__Task description__. With pictures excluded, repeat exactly the lines from the one containing "Asociación Civil GIDCA" through the last line of the material below.

__Information supplied__.
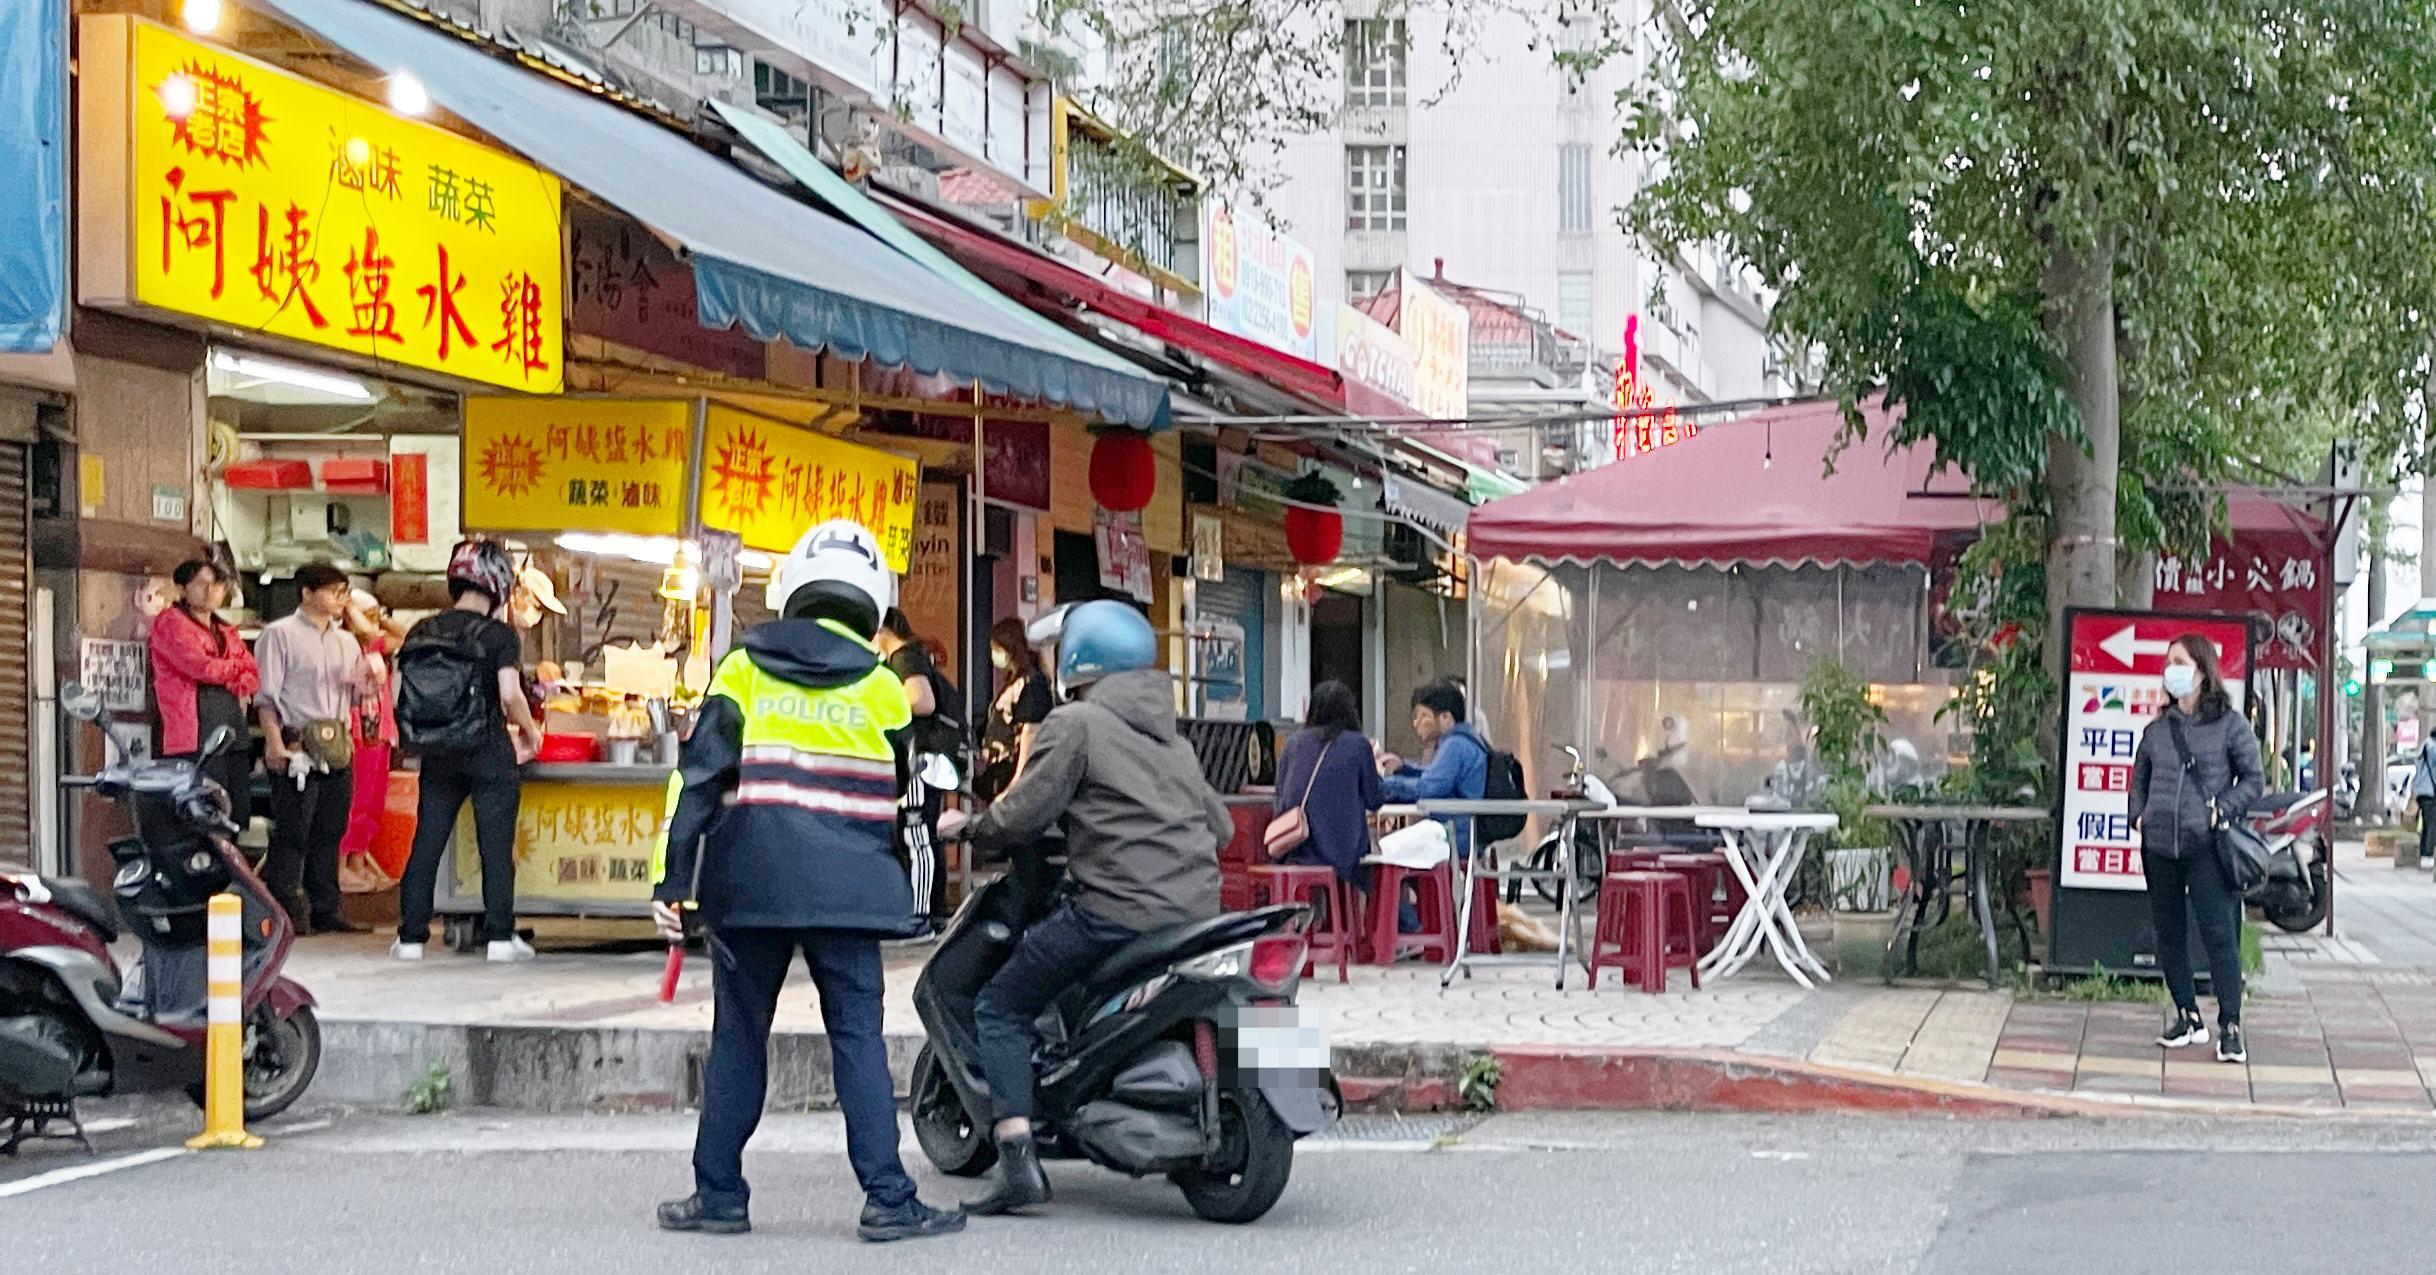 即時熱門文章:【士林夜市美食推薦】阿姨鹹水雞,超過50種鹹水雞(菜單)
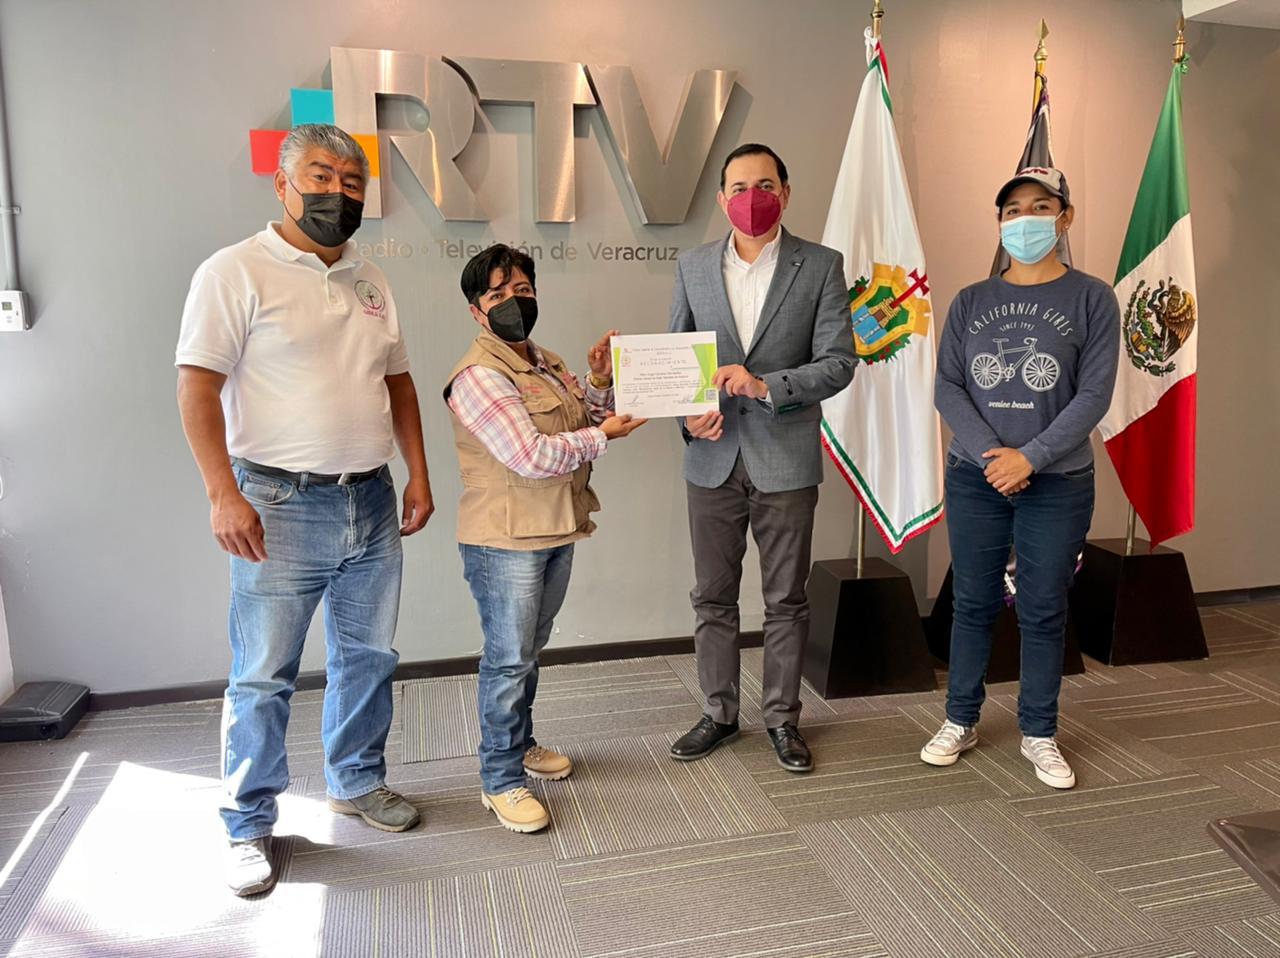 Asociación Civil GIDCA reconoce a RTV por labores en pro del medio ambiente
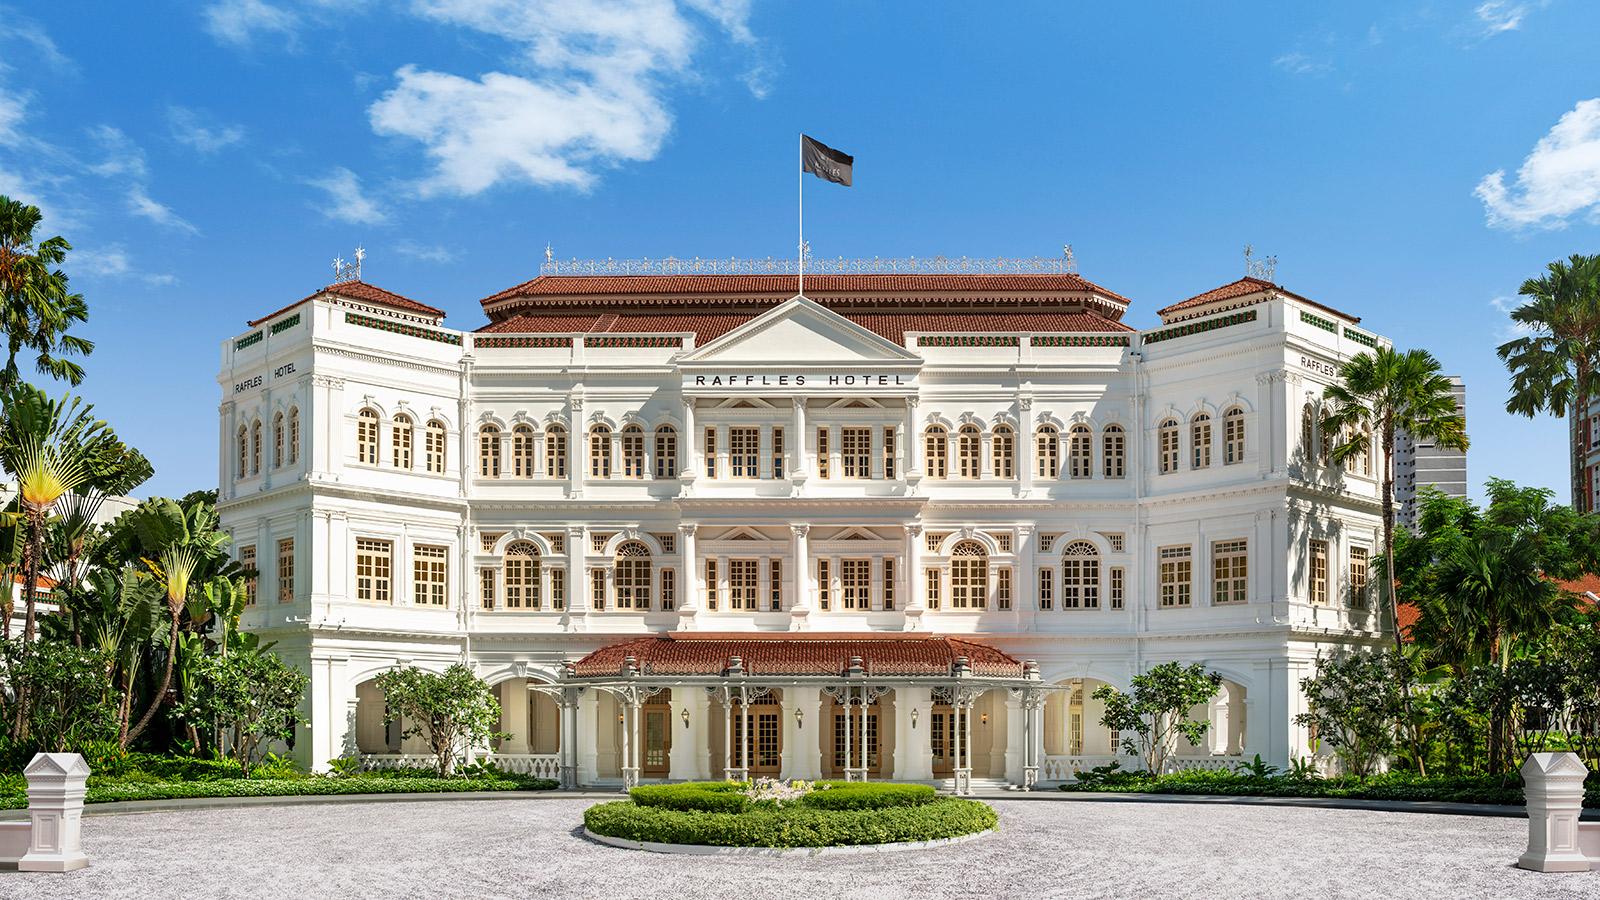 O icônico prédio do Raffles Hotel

__Answer space__.
 Asociación Civil GIDCA reconoce a RTV por labores en pro del medio ambiente
 O icônico prédio do Raffles Hotel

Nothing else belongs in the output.